メニュー
前菜は、骸骨の煮物に黴を添えて……
癒されたい……
夕方じゃないけど、屋敷の中だけど私は黄昏る。
売られ、煮られ、罵られ……いやっ、罵られたのではない!
レミ嬢にちょっと避けられただけだ!!
…………へふぅ……癒しが、癒しが欲しい……ジフ様、コメディ、皆はどこだ?
「さて、これで下処理は終わった……これからが死霊魔術師としての腕の見せ所だよ」
【御主人様、この黴骸骨さんは、もう魂喰兵になったんじゃないんですか?】
極楽浄土を夢見る私の傍らで、死霊魔術師様の鬼婆と件の幽霊少女が話し合っている。
黴……黴骸骨……魂喰兵とやらになったのなら、もう魂喰兵でいいからそう呼んで欲しい……
「魂喰兵にはなったさ。
だけどねレミ……このままこの骸骨を死に損ない達に使っても凶悪な魂喰兵が増えるだけなんだよ。
だから……」
鬼婆――シスムは、喋りながら一本の巻物を取り出す。
「これで人に危害を加えず死に損ないだけを襲うようにするのさ」
【巻物? 強制系の魔術具ですか?】
いま、不穏な強制が幽霊少女の口から流れたような……
「あたしゃ死霊魔術師だよ。
強制なんて使わないさ……だいたいあの手の魔術は、解呪されるかもしれないしね。
何年か前にも強制で王宮を支配しようとした王子があっさり討伐されただろう?」
あぁー、なんか聞いたことがある。
おやっさんと先輩がアンスター王国で内乱があったとか話していた。
なんでも裏切りと騙まし討ちに溢れた派手な争いだったそうで、大陸北西のザペン王国では劇化までされていた。
主役は、妹至上主義の天才王子でもちろん美形。
強制の魔術で可愛い女の子から渋い中年まで自由に操って好き勝手するらしい。
……私とはえらい違いだ……共通点を見つけ出すことすらできない……
【レミは、知らないで~す! それより魔術具じゃないならなんなんですか~?】
「ふっふっふっ、見て御覧」
シスムが巻物を伸ばす。

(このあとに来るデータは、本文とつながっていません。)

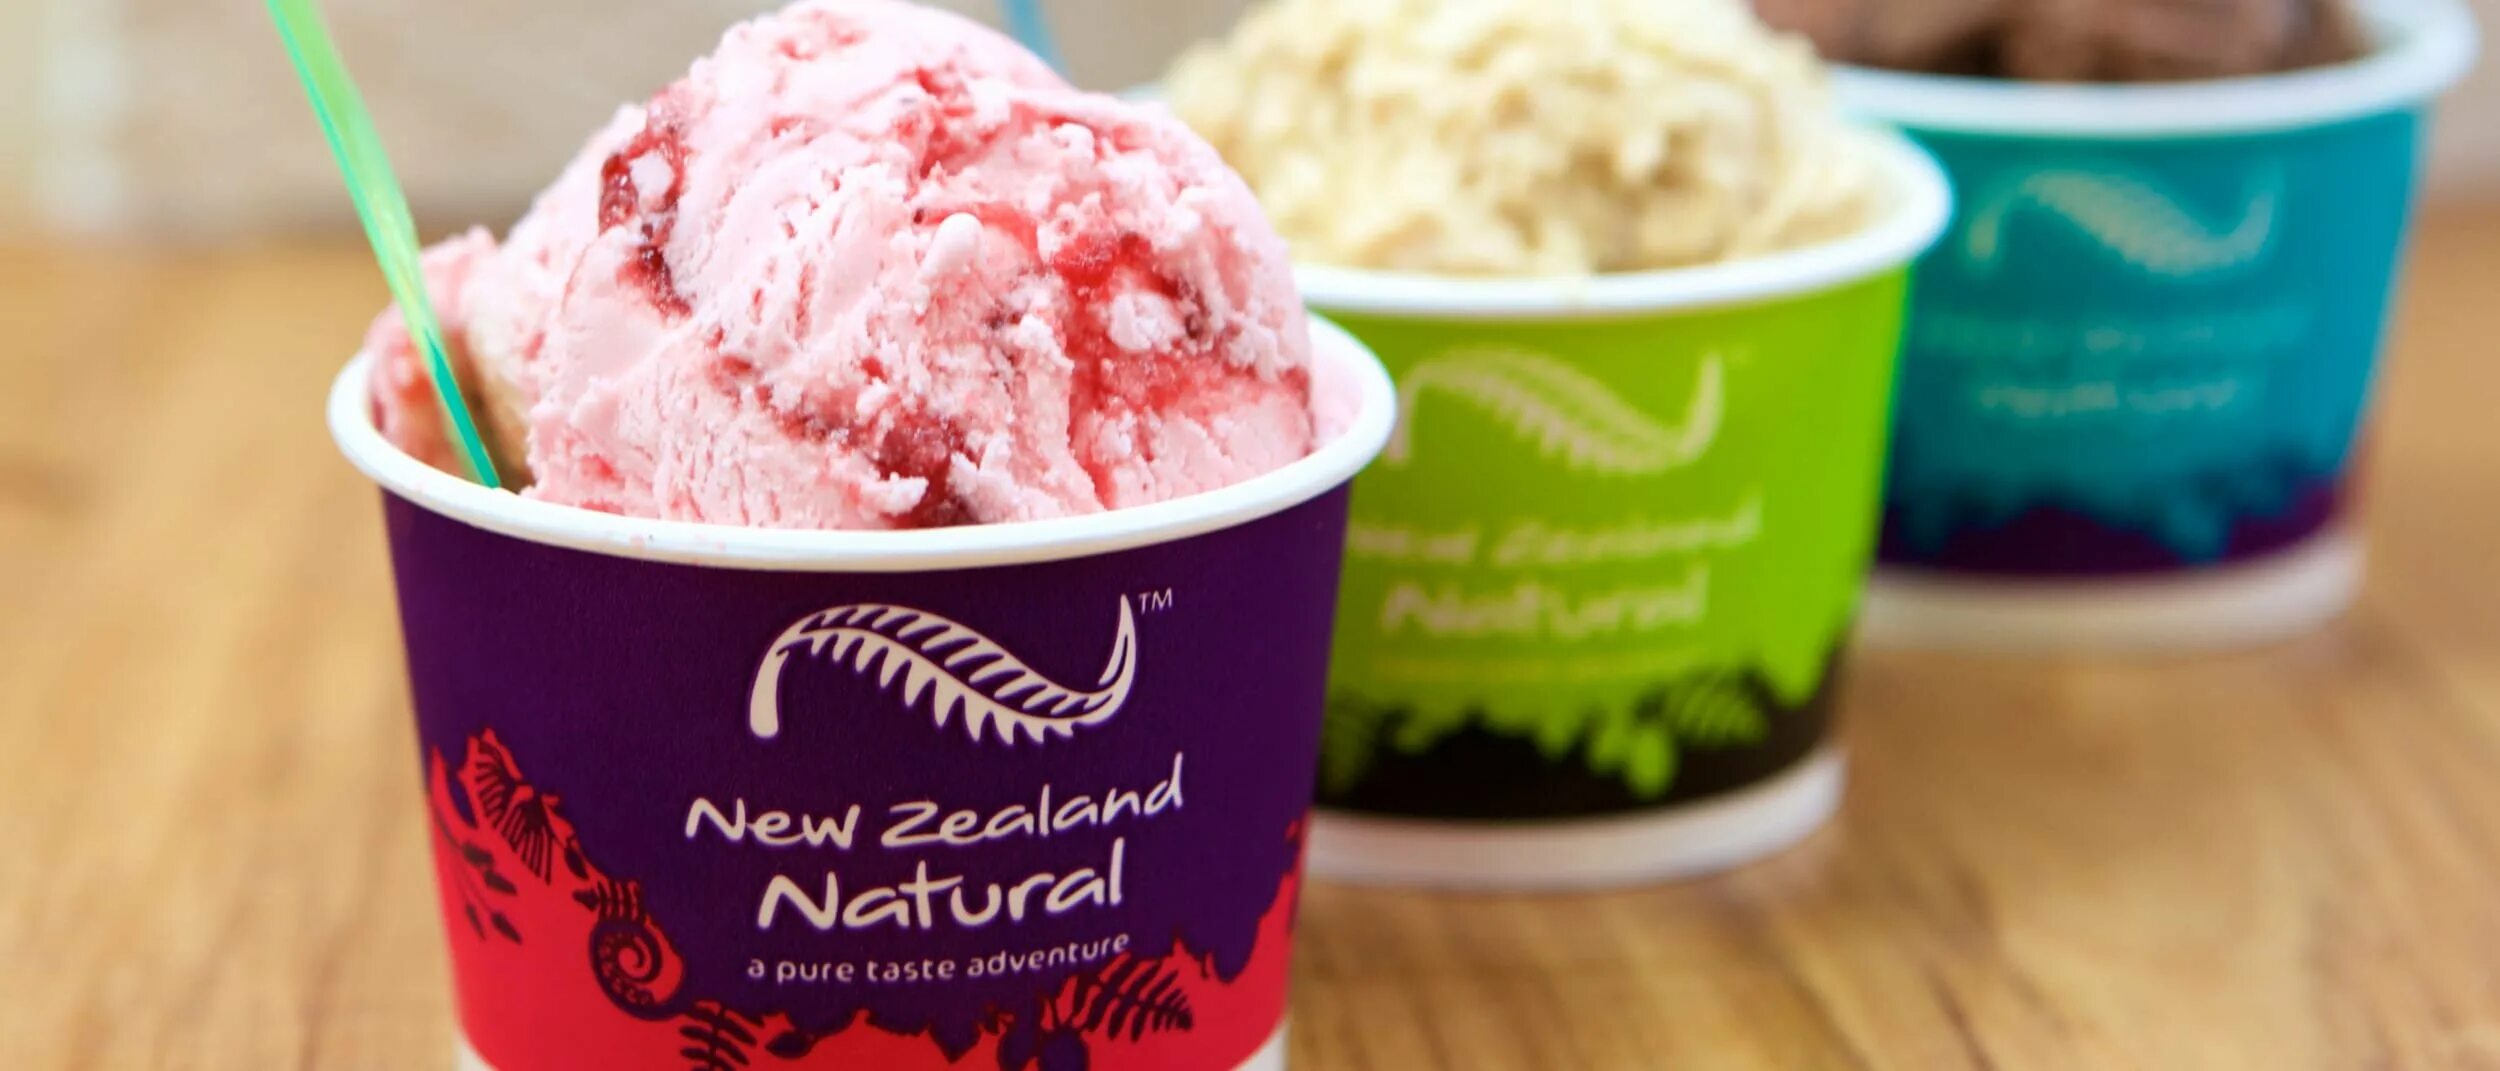 Новозеландское мороженое. Мороженое в ведре. Мороженое с пробиотиками.
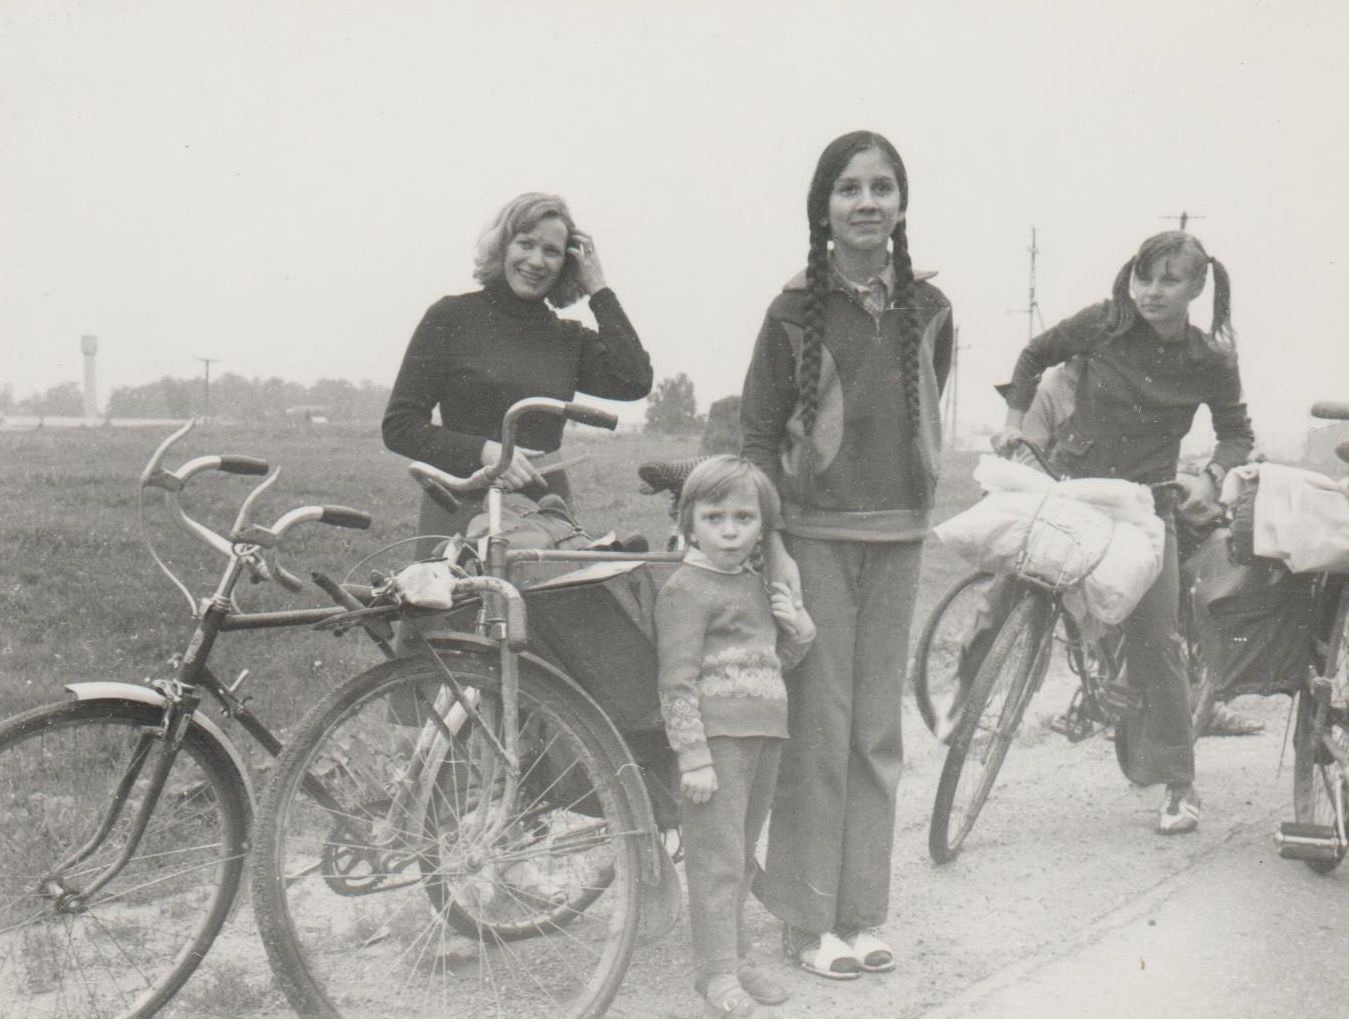 Žygio „Aplink Lietuvą“ dalyvius aplankė Birutė, Ugnė ir Milda. Ant dviračio – Danguolė Stumbrienė. 1980 m. liepa.

しかし私がいる机の上からは内容を見れない。
【これは……一週間で魂喰兵を勇者にできる特別訓練メニュー?
その一、仲間を増やそう!
その二、仲間で遊ぼう!!
その三、禁則事項を覚えよう!!!
その四……なんですこれ?】
レミ嬢が読み上げてくれる。
しかし、特別な訓練のメニューか……
なるほど!
……よく分からないことが分かった。
「だから『特別訓練メニュー』だよ。
何しろ時間が無い……今こうしている間にもスチナで争ってる死霊魔術師達が和解してアンスターに攻めてくるかもしれないんだ」
およ?
老婆が突然、頭蓋骨を持ち上げた。
「死霊魔術の奥義を全て使って一週間!
一週間でこの骸骨を世界を救う英雄にするのさっ!!」
私を天に捧げながらそう宣言した。
見知らぬ天井だった。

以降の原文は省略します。